What is needed: What you should give back is a precise copy of the lines below from the one containing "[DISCUSSION] Et vous" through the one containing "Femme écrivant dans", with no pictures.

Stored data:
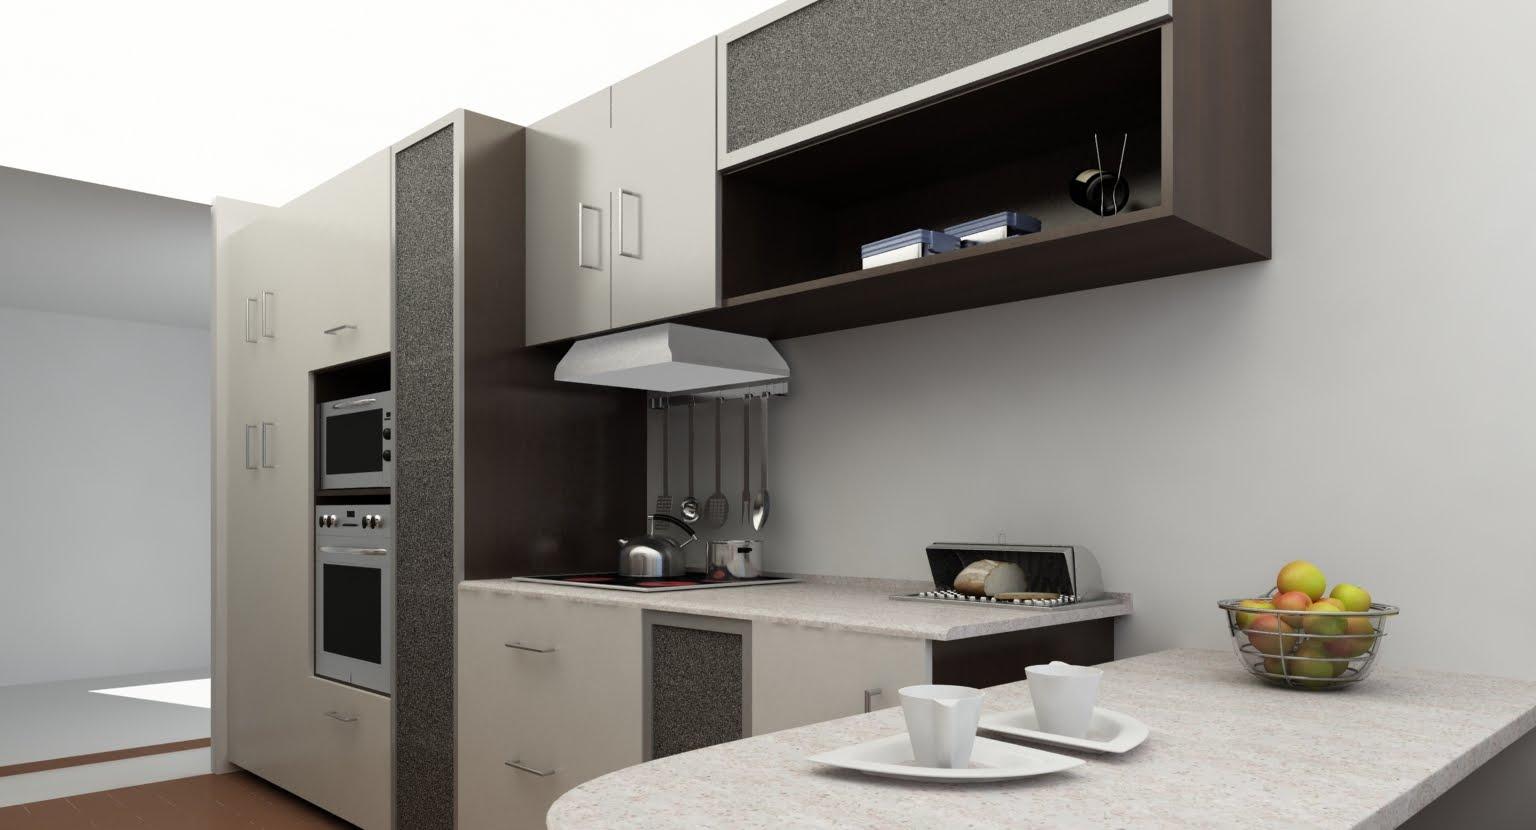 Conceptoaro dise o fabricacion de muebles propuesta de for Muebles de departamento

...

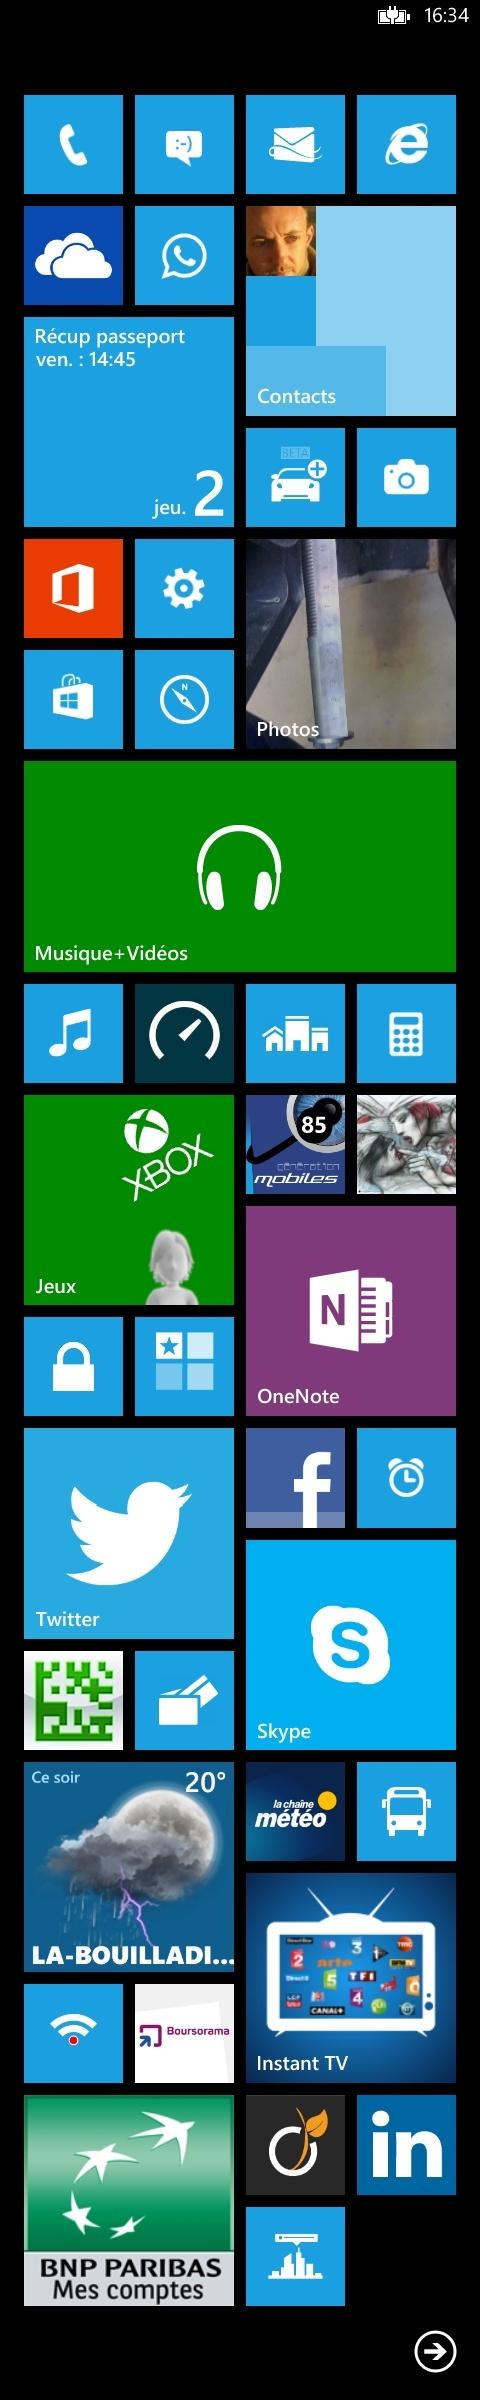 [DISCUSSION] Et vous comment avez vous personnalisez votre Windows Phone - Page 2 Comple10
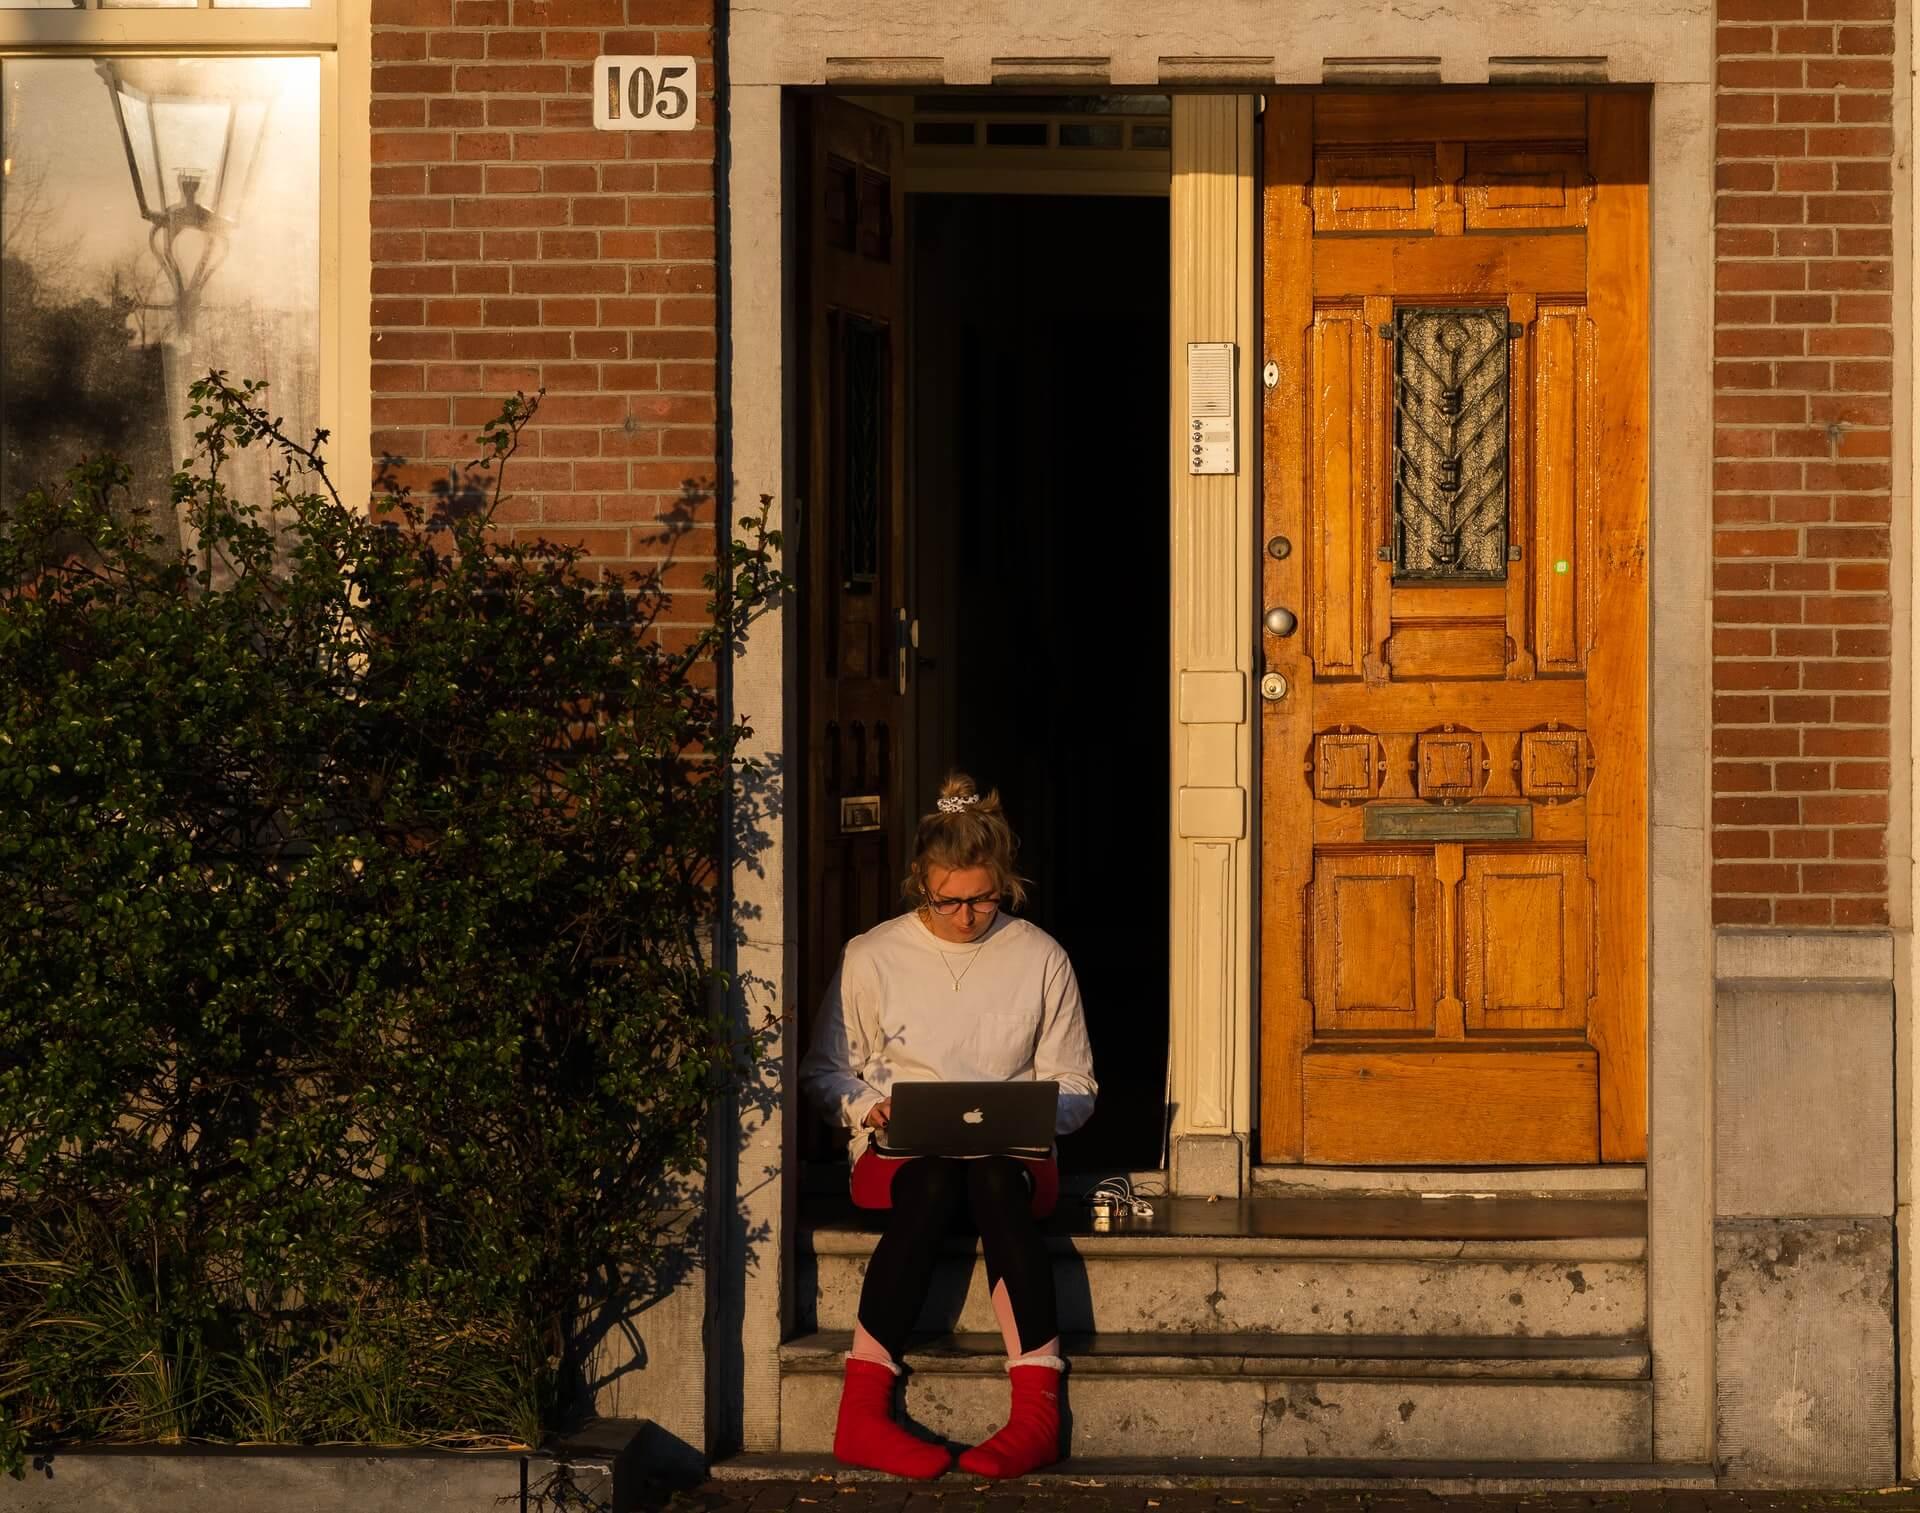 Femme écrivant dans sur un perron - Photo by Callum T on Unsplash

Reply:
 [DISCUSSION] Et vous comment avez vous personnalisez votre Windows Phone - Page 2 Comple10
 Femme écrivant dans sur un perron - Photo by Callum T on Unsplash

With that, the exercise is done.